The above line took about 30s run on Mac M4.

### Retrieve the agent response
In the get_response() function, utilize the user_embeddings to retrieve the most similar instance from the data point using cosine similarity. For the selected data point, return the corresponding response in the 'Agent' column of the data as the agent's reponse.

In [32]:
def get_response(user_input, data, model, user_embeddings):
    # Convert the input of the user to its sentence embedding
    input_embedding = model.encode(user_input)
    
    # Compute cosine similarities between user input embeddings and user embeddings (based on the data)
    cosine_scores = util.pytorch_cos_sim(input_embedding, user_embeddings)
    
    # Find the index of the highest cosine similarity using np.argmax.
    best_match_idx = np.argmax(cosine_scores.numpy())
    
    # Return the corresponding string for the 'Agent' column
    return data['Agent'].iloc[best_match_idx]

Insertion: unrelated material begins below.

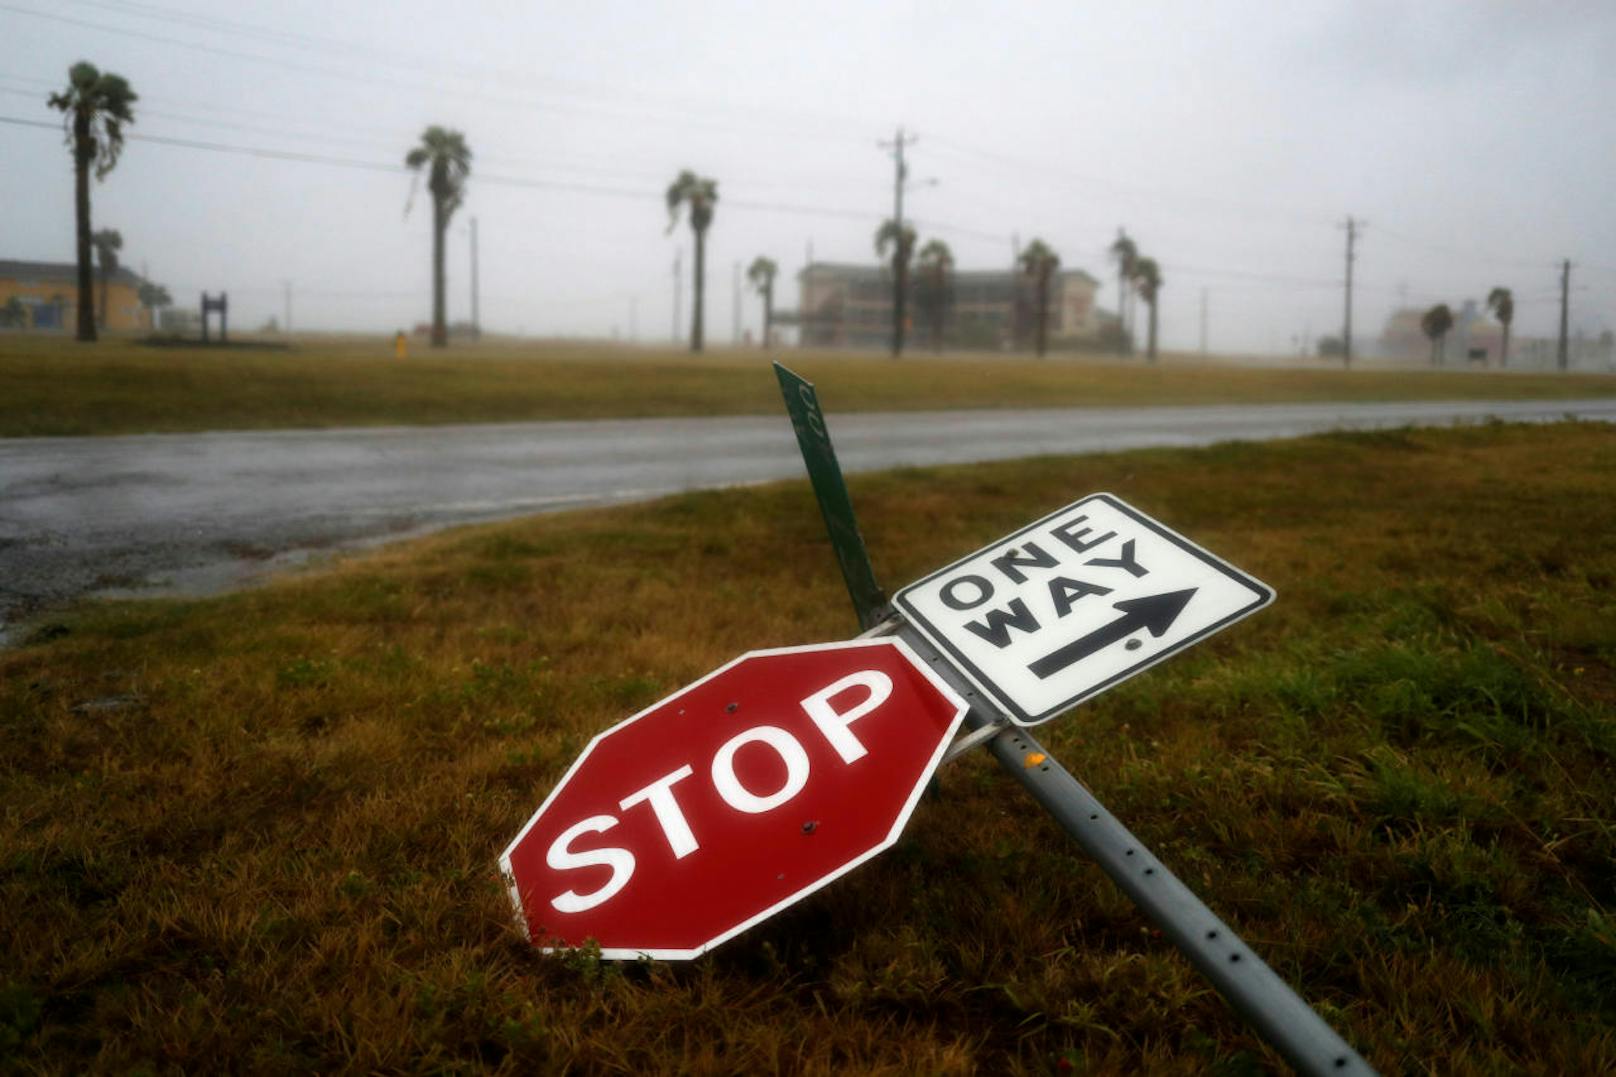 "Harvey", der Hurrikan der Stufe 4 hat Texas erreicht. Mit Fluten und Sturmwinden von bis zu 215 Stundenkilometern sorgt er für zahlreiche Verwüstungen. Der Katastrophenzustand wurde bereits ausgerufen.

### Define and open the file to save chat history

In [35]:
### Define and open the file to save chat history
from datetime import datetime

# Get the current date and time
now = datetime.now()

# Format the date and time to create the file name
file_name = f"CORPUS_CHAT_{now.strftime('%Y_%m_%d_%H_%M_%S')}.txt"
f = open(file_name, "w")

### Define a chat loop
In this part, you need to define a loop that asks for user input and prints the user response till the user wants to end the chat. Utilize the same regex expression as before to identify when the user wants to end the chat.

In [36]:
while True:
    user_input = input("User:")
    if is_end(user_input):
        # Output the goodbye message, write the last inputs and outputs to the log and close the file
        goodbye_message = "Goodbye, please take care"
        print("Corpus Agent:", goodbye_message)
        f.write("User:" + user_input + "\n") # Log the user's last input
        f.write("Corpus Agent:" + goodbye_message + "\n") # Log the agent's goodbye message
        f.close()
        break
    response = get_response(user_input, data, model, user_embeddings)
    print("Corpus Agent:", response)
    f.write("User: " + user_input + "\n") # Log the user's input
    f.write("Corpus Agent: "+ response + "\n") # Log the agent's response

Corpus Agent: You would have been mad at me this morning!
Corpus Agent: I am happy for you
Corpus Agent: A large caramel frappe with whip cream. It's delicious.
Corpus Agent: Are the coffees there expensive?
Corpus Agent: What kind of coffee will you get?
Corpus Agent: A large caramel frappe with whip cream. It's delicious.
Corpus Agent: Goodbye, please take care


Congrats, you are done with part 2. You now need to simply test out your model for 3 chat conversations (minimum 10 utterances in each conversation) and report the results of the human survey.